Telcos are about asset management and financial engineering; their competence is in making long-term investments in commodity assets (such 3G antennas or fiber optics) and ongoing maintenance of these assets. At best, they have some competence in physical maintenance of hardware in the data center, but zero competence in the space where value creation (cloud) is taking place today.
How about data center hotel space, i.e. vertically integrated offerings like Amazon? In my view, as the cloud market matures, the value behind such vertical integration will gradually erode. IaaS offerings in their present state will cease to exist and the market will be split between companies monetizing the software by offering various flavors of the cloud orchestration stack and companies monetizing the services by offering managed hosting of these respective cloud stacks. The natural aversion to vendor lock-in will be a big driver in this. We see this happening already with efforts like OpenStack and companies like RackSpace, Internap, and Korea Telecom opting to embrace open standards for cloud orchestration vs. Amazon's proprietary model.
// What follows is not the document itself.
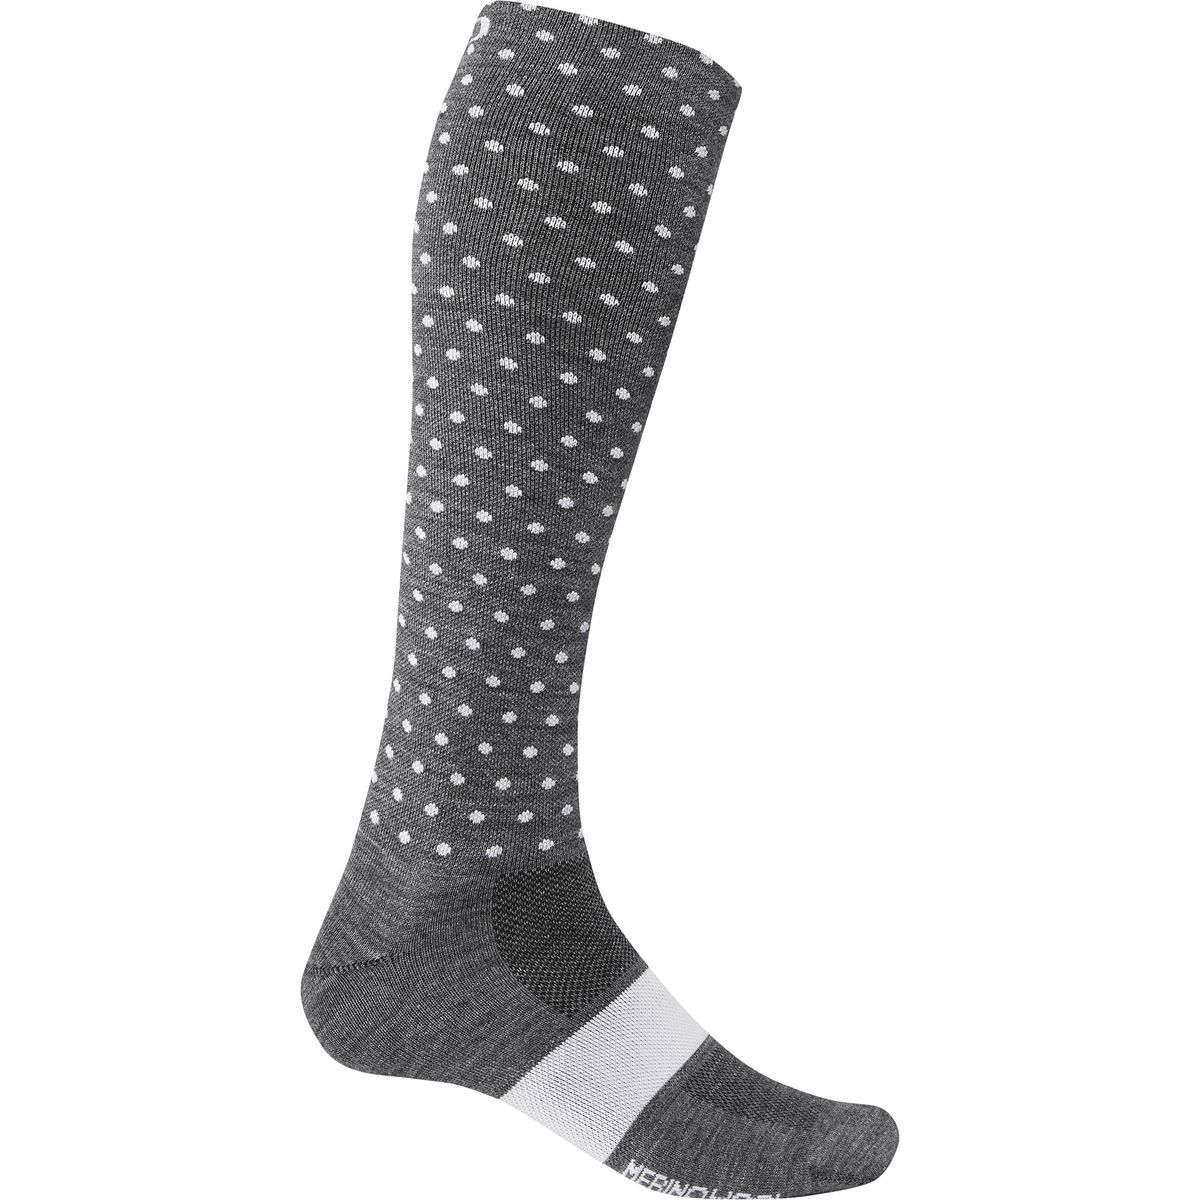 New Road Merino Seasonal Wool Socks

And what about the managed cloud hosting service? I think this is where telcos really have a shot at claiming part of the cloud business. Moreover, it is exactly where telcos are aiming with their recent acquisition of large data center operators like Terremark, Savvis, etc.
Whenever some innovation disrupts a market, an upward shift in the entire value chain occurs. At the top of the chain is where most of that value is captured. At the same time, the bottom of the chain becomes yet even more commoditized. Infrastructure clouds became possible because of cloud orchestration software. That's where there was innovation and it is where the value will be captured. This, in turn, commoditized data center management services to a greater extent. In the early days, managed hosting was about continuously and manually rewiring the network, reinstalling OSes on physical nodes and reconfiguring access rights. Cloud-like infrastructure automated most of these tasks. Hence, the business of data center management has gotten quite a bit closer to maintaining the communications network and fixing/installing wireless cells--a commodity service that telcos are well positioned to offer.
Does this mean that there is a new market for telco services? Yes. Is it fair to say that telcos will dominate the cloud? Not at all. Telcos will dominate the scraps of the cloud; the commodity bottom end of it with razor thin margins. And will we ever think of AT&T, when we think of cloud? Not likely.